Dogs and Chaplains

Here’s an innovative way to get to know your neighbors. Just enter in your zip code and you’ll get a Google map with an overlay of registered sex offenders in your area. Sort of like a vigilante ‘to do’ list. I’m just sayin’.

And in a completely unrelated story, well, somewhat unrelated story. This report came out sometime last week I think. Which gives a detailed report of Federal Prosecutions of Corrupt Public Officials. My favorite are all the tables that start on page 44 of the report. 1,150 people charged 1030 people convicted and 439 awaiting trial. And don’t forget to check out the three Louisiana jurisdictions on page 48 and 49.

Highlights for this post: There’s a rapist living around the corner and Louisiana is, by far, the most corrupt state in the union.

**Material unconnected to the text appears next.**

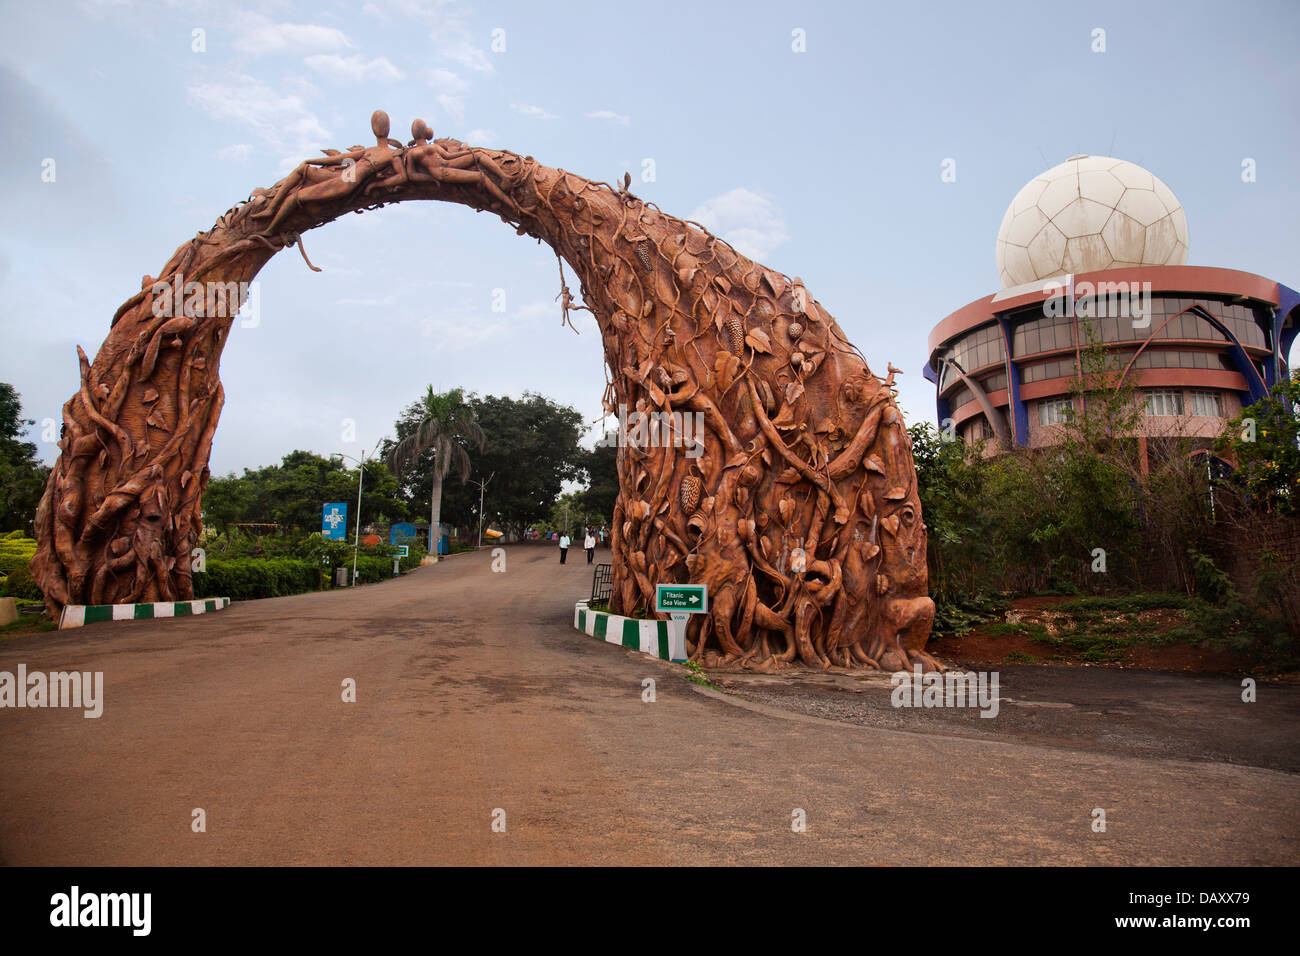 Archway sculptés avec les sculptures humaines à l'entrée du parc, Kailasagiri Park, Visakhapatnam, Andhra Pradesh, Inde Banque D'Images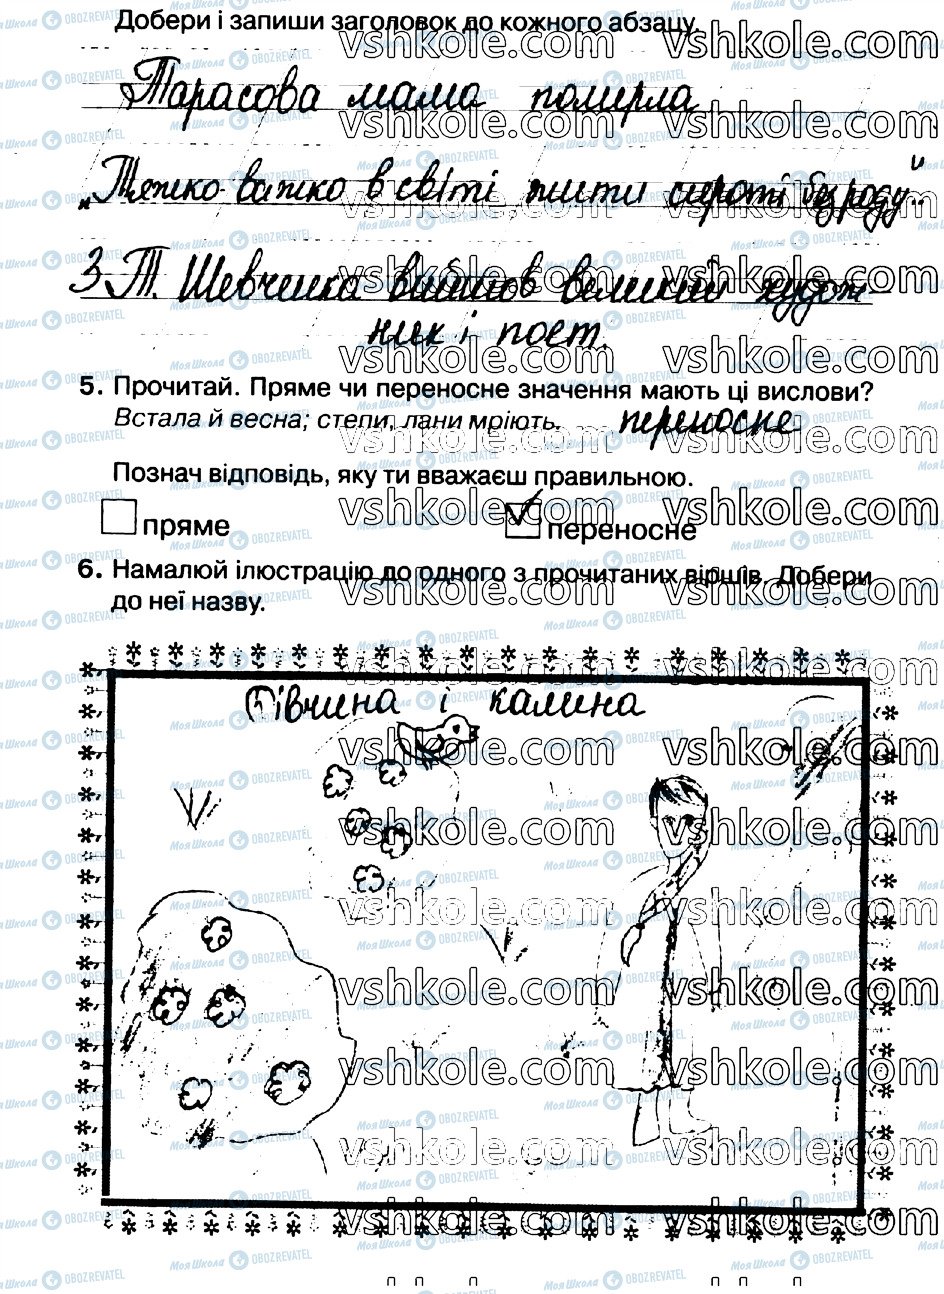 ГДЗ Українська мова 2 клас сторінка стр66

It’s almost like there’s no reason at all to live here.

14 Comments so far

  1. Kevin Allman (unregistered) on October 9th, 2007 @ 6:16 pm

    Well…it looks like most of the people on that map were convicted of “crimes against nature,” which likely means “hookers and johns.” But not necessarily:

    “Louisiana Revised Statutes (R.S.) 14:89 provides:A. Crime against nature is: (1) The unnatural carnal copulation by a human being with another of the same sex or opposite sex or with an animal, except that anal sexual intercourse between two human beings shall not be deemed as a crime against nature when done under any of the circumstances described in R.S. 14:41, 14:42, 14:42.1 or 14:43. Emission is not necessary; and, when committed by a human being with another, the use of the genital organ of one of the offenders of whatever sex is sufficient to constitute the crime. (2) The solicitation by a human being of another with the intent to engage in any unnatural carnal copulation for compensation. B. Whoever violates the provisions of this Section shall be fined not more than two thousand dollars, or imprisoned, with or without hard labor, for not more than five years, or both.”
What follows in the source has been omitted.